There are statistical tests to compare data to a theoretical model, and they can be useful, but diagnosing a statistical distribution is principally a subjective endeavor. A common situtuation would be to examine the residual distribution for a regression model compared to the expected Gaussian distribution. Good practice is to have a set of steps to adhere to when diagnosing a distribution.

 

It is beyond the intention of this page to examine all the possibilties of examining and diagnosing data distributions, but instead the intention is to alert readers that this topic is wide and deep. Here are a few good resources that can take you farther:

Vitto Ricci, Fitting distributions with R

Bill Huber, Fitting distributions to data Quick-R, Probability plots

 

 

 

2.2.6 Practice exercises

For the following exercises, run the code below.

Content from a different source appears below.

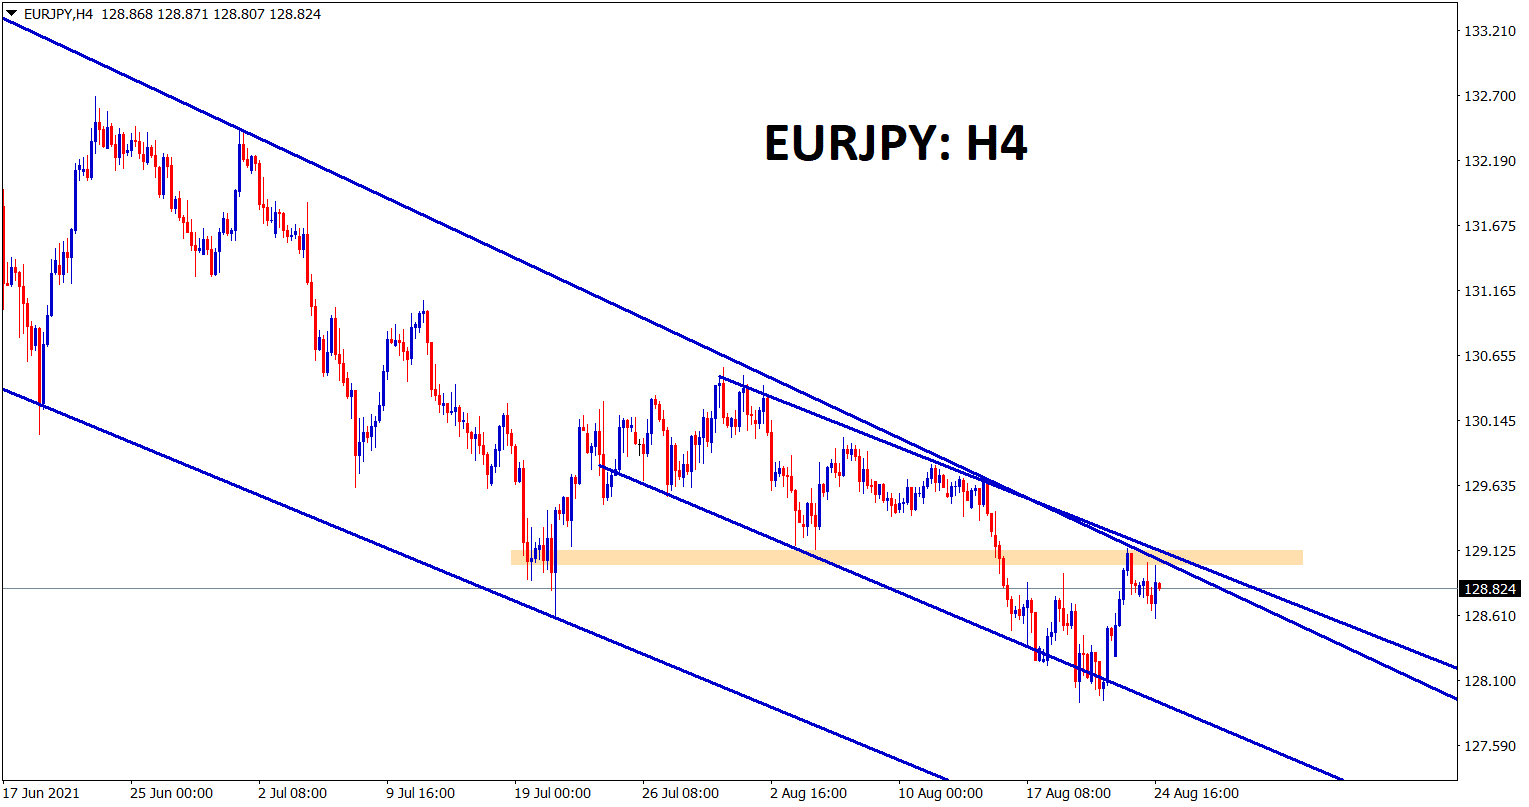 EURJPY hits the lower high level of the major and minor descending channel

# The code below loads and prints the data frame "dat"

# Data dictionary for "dat", a dataset with different measures of 20 sheep
# weight - weight in Kg
# ked - count of wingless flies
# trough - 2 feed troughs, proportion of times "Trough A" fed from
# shear - minutes taken to "hand shear" each sheep

(dat <- data.frame(
  weight = c(44.1, 38.3, 41.1, 41.9, 41.2, 39.7, 44.5, 39.7, 46.1, 39.8, 
    43.9, 46.9, 35.8, 39.2, 39.6, 41.9, 39.1, 32.0, 32.7, 44.0),
  
  ked = c(9, 4, 15, 11, 10, 8, 12, 12, 6, 11,
             12, 13, 8, 11, 19, 19, 12, 7, 8, 14),
  
  trough = c(0.52, 0.74, 0.62, 0.63, 0.22, 0.22, 0.39, 0.94, 0.96, 0.74,
              0.73, 0.54, 0.00, 0.61, 0.84, 0.75, 0.45, 0.54, 0.54, 0.00),
  
  shear = c(14.0, 8.0, 14.0, 11.0, 14.0, 5.0, 9.5, 11.0, 6.5, 11.0, 
            18.5, 11.0, 18.5, 8.0, 8.0, 6.5, 18.5, 15.5, 14.0, 8.0)
  ))

 

1 Do you expect “weight” to be Gaussian distributed? How about “ked”? Explain your answer for each.

 

2 Show the code to graphically diagnose and decide whether “weight” is Gaussian and explain your conclusion.

 

3 Show the code to graphically diagnose and decide whether “ked” is Gaussian and explain your conclusion. If you choose another likely distribution, test it as well and similarly diagnose.

 

4 Explore whether “trough” is Gaussian, and explain whether you expect it to be so. If not, does transforming the data “persuade it” to conform to Gaussian? Discuss.

 

5 Write a plausible practice question involving any aspect of graphical diagnosis of data distribution.